Figure 2: True Skill Statistic results produced by the Support Vector Machine models (individual models – left, Fort McMurray model – right). The combined and Fort McMurray models are plotted in black.

The SVM baseline model, which combined data from all the receiver stations, gave an accuracy of 73.04% and a TSS of 0.56 (precision = 9.51%, recall = 83.15%). The top plot shows how the performance of the model varied depending on which station was used to train and test the SVM.

TSS results produced by the Fort McMurray model are shown in the right plot, with results varying even more drastically from station to station.
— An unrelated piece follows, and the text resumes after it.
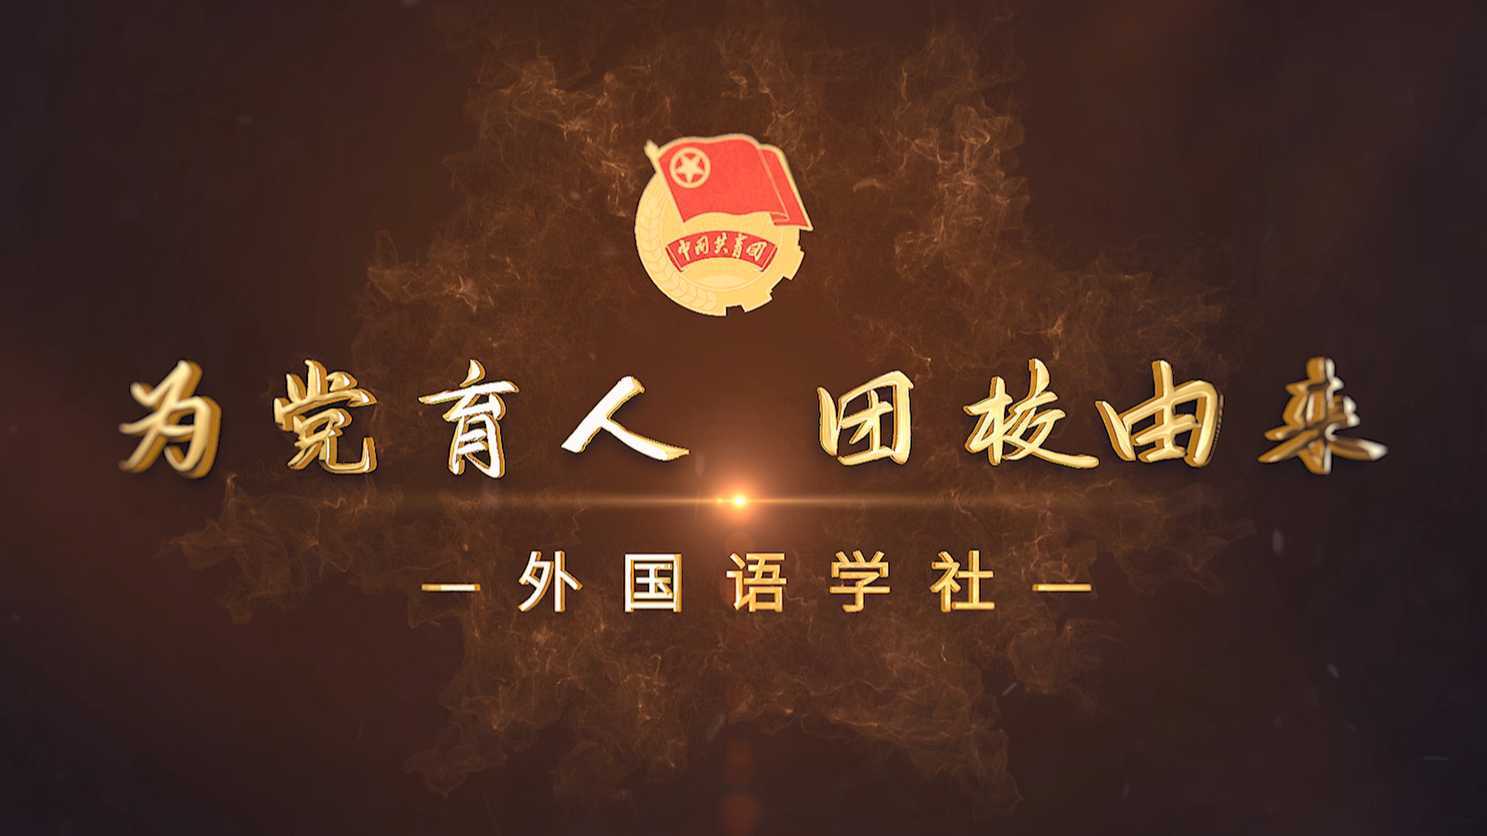 纪录片《青春之中国-外国语学社》丨为党育人 团校由来

From these results we can infer that scintillation events must be localized and will therefore depend on the location of each individual receiver. In order to train a model with higher accuracy and TSS, data must either be separated on a station-by-station basis, or additional spatial parameters must be introduced to account for the geospatial elements in the data.
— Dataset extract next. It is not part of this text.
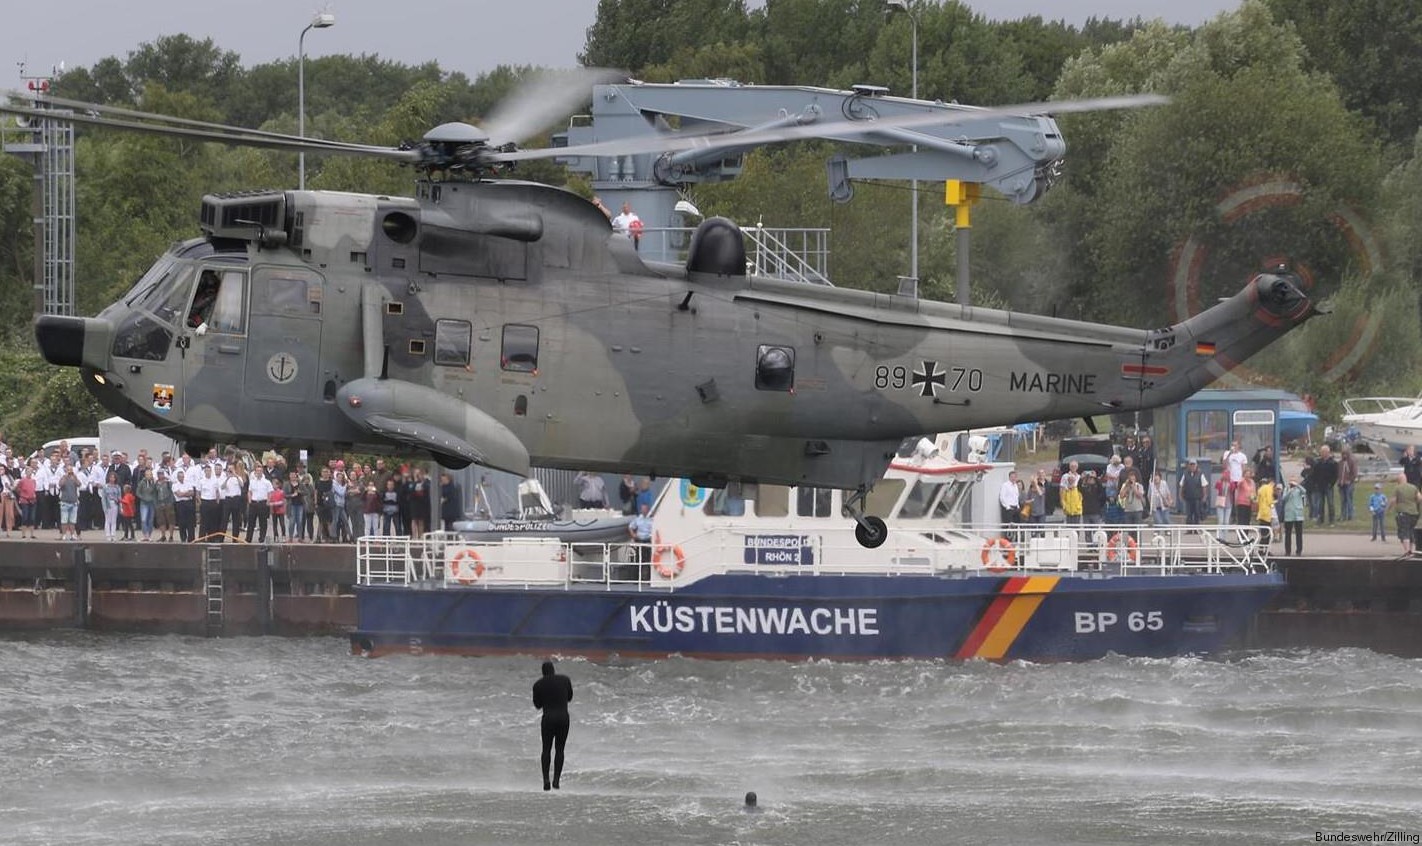 sea king mk.41 westland naval helicopter german navy deutsche marine sar 20

Until this point, the SVM trained and tested on combined/individual data had been used to make predictions 1 hour ahead. However, it was possible to predict at any chosen prediction time. In this paper, we look at predictions for 0.5, 1, 3, 6, 9, 12 and 24 hours ahead. Using the same model as before, random samples of 40,000 timesteps from 2015 were selected for each station to train and test the SVM at each prediction time.

Figure 3: True Skill Statistic results for the Support Vector Machine model, trained on combined and individual data at multiple prediction times.

As expected, the model tends to perform better at 0.5 and 1 hour prediction times, with results getting worse as the prediction time increases. Accuracy follows the same trend, decreasing as prediction time increases. The Fort McMurray station gives the highest TSS throughout, allowing the model to predict 24 hours ahead with a TSS score of 0.61 and an accuracy of 73%.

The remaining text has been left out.